Если возраст позволяет, и есть желание — читайте. Это больше эротическая глава: да, здесь есть кусочек сюжета и событий, но всё важное в любом случае будет передано и дальше в тексте. Так что вы ничего не потеряете, если пролистаете.
Для тех же, кому интересен именно 18±контент, глава открыта.
Конец заметки
Третий шаг. Я стоял перед ней, и между нами оставалось так мало, что я чувствовал тепло её тела — оно шло от кожи волной, мягкой, густой, с запахом духов; на таком расстоянии они раскрывались иначе: глубже, тяжелее, с нотой, сжавшей мне пальцы.
— Ты час ждала, — сказал я, и мой голос звучал ниже, чем я хотел.
— Час и двенадцать минут, — уточнила она с легким укором. — Я считала.
— Уличная одежда? Отличный выбор для впечатления.
— Плащ смотрится интригующе. Раздеваться заранее — бессмысленно. Теряется эффект.
— Что ж. Эффект достигнут.
Она улыбнулась. Губы с тёмно-красной помадой разошлись, и последние остатки мыслительного процесса схлопнулись, как карточный домик.
— Я знаю, — прошептала она.
Я поднял руку. Не торопясь, давая ей время отступить, если захочет. Через несколько секунд коснулись её щеки — кожа была тёплой, мягкой, с тем бархатом, который ощущаешь подушечками пальцев, когда касаешься осторожно, едва. Катя прикрыла глаза. Она закрыла глаза с красивыми густыми ресницами, они были рыжие, длинные, и я почувствовал, как она чуть подалась щекой в мою ладонь, как кошка, которая нашла то место, к которому хочет прижаться.
Моя ладонь скользнула вниз, по её скуле, по шее, пульс под пальцами частил, быстрый, горячий, живой.
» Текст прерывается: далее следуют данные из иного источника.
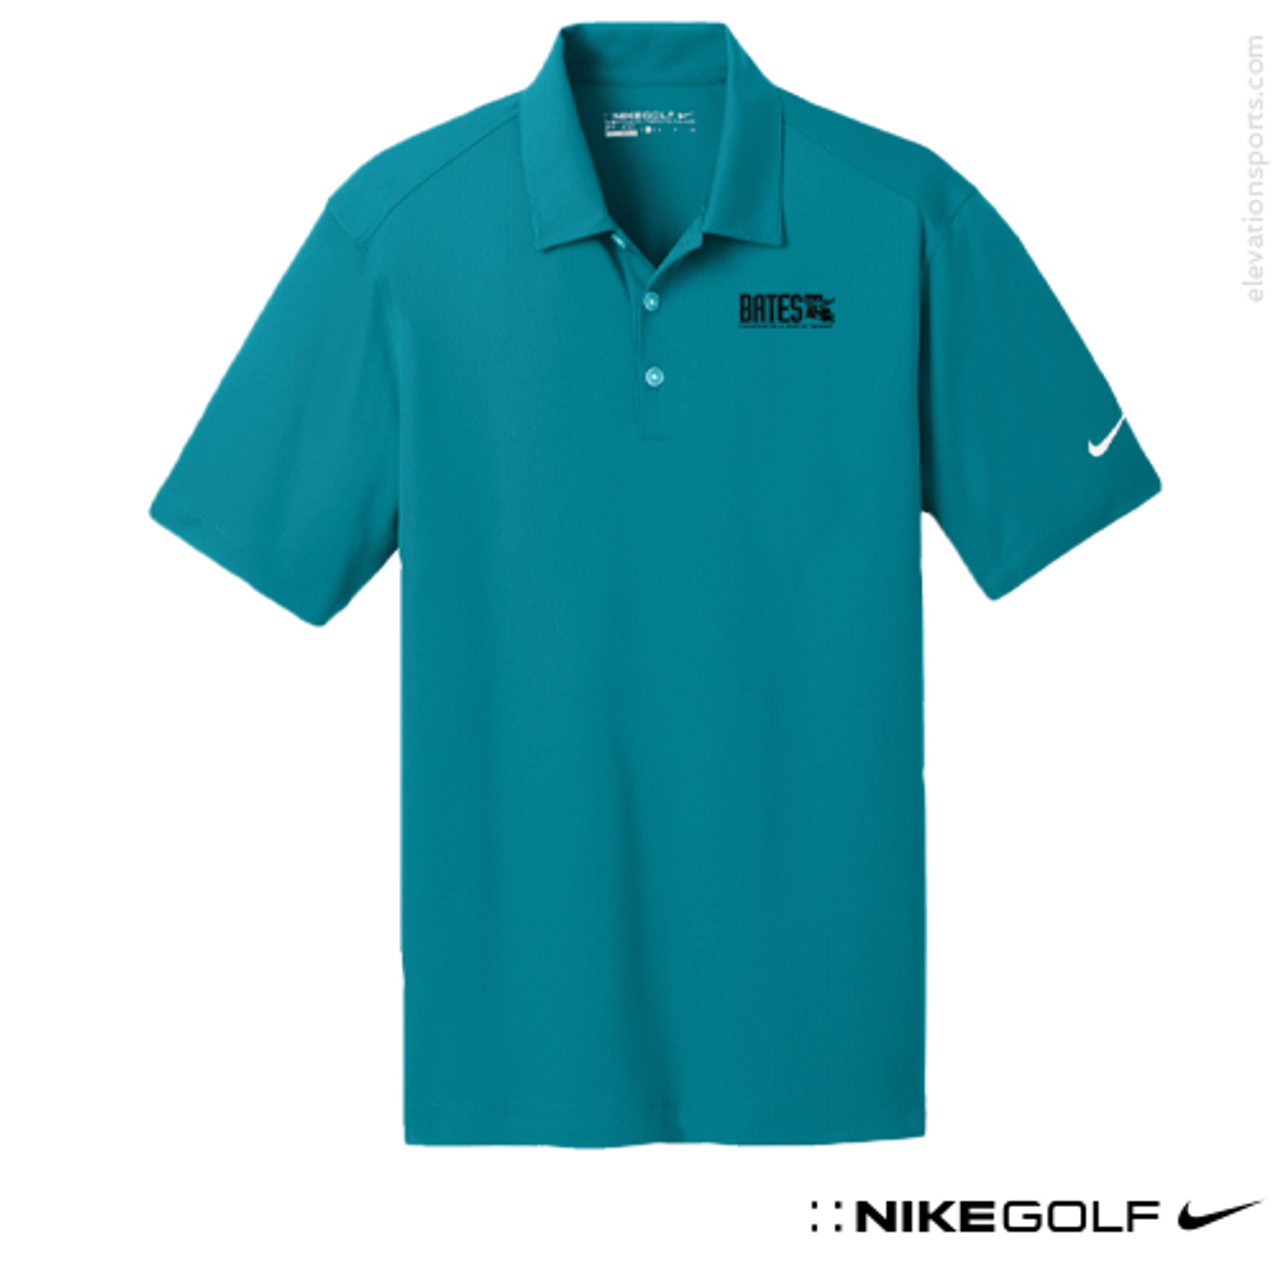 nike custom golf shirts

Катя открыла глаза и посмотрела на меня снизу вверх, и в этом взгляде была просьба, прямая, бесстыдная, и у меня пересохло во рту.
Я наклонился и поцеловал её.
Первая секунда — мягко. Губы к губам, осторожно, как пробуют воду. Помада на вкус была горьковатой, восковой, и под ней — её собственный вкус, тёплый, с лёгкой кислинкой, живой. Катя замерла, и на долю секунды ощутил, как она сдерживается, как тянет паузу, позволяя ощущению раскрыться.
Потом она ответила.
Её рука легла мне на затылок, пальцы вошли в волосы, сжались, потянули — мягко, настойчиво, притягивая ближе. Поцелуй из осторожного стал глубоким, жадным, с тем привкусом, который бывает, когда два человека долго себя сдерживали и перестали. Её язык коснулся моего, и тепло, которое до этого тлело внизу живота, вспыхнуло, прошлось по рёбрам, по грудной клетке, и я обхватил её за талию обеими руками.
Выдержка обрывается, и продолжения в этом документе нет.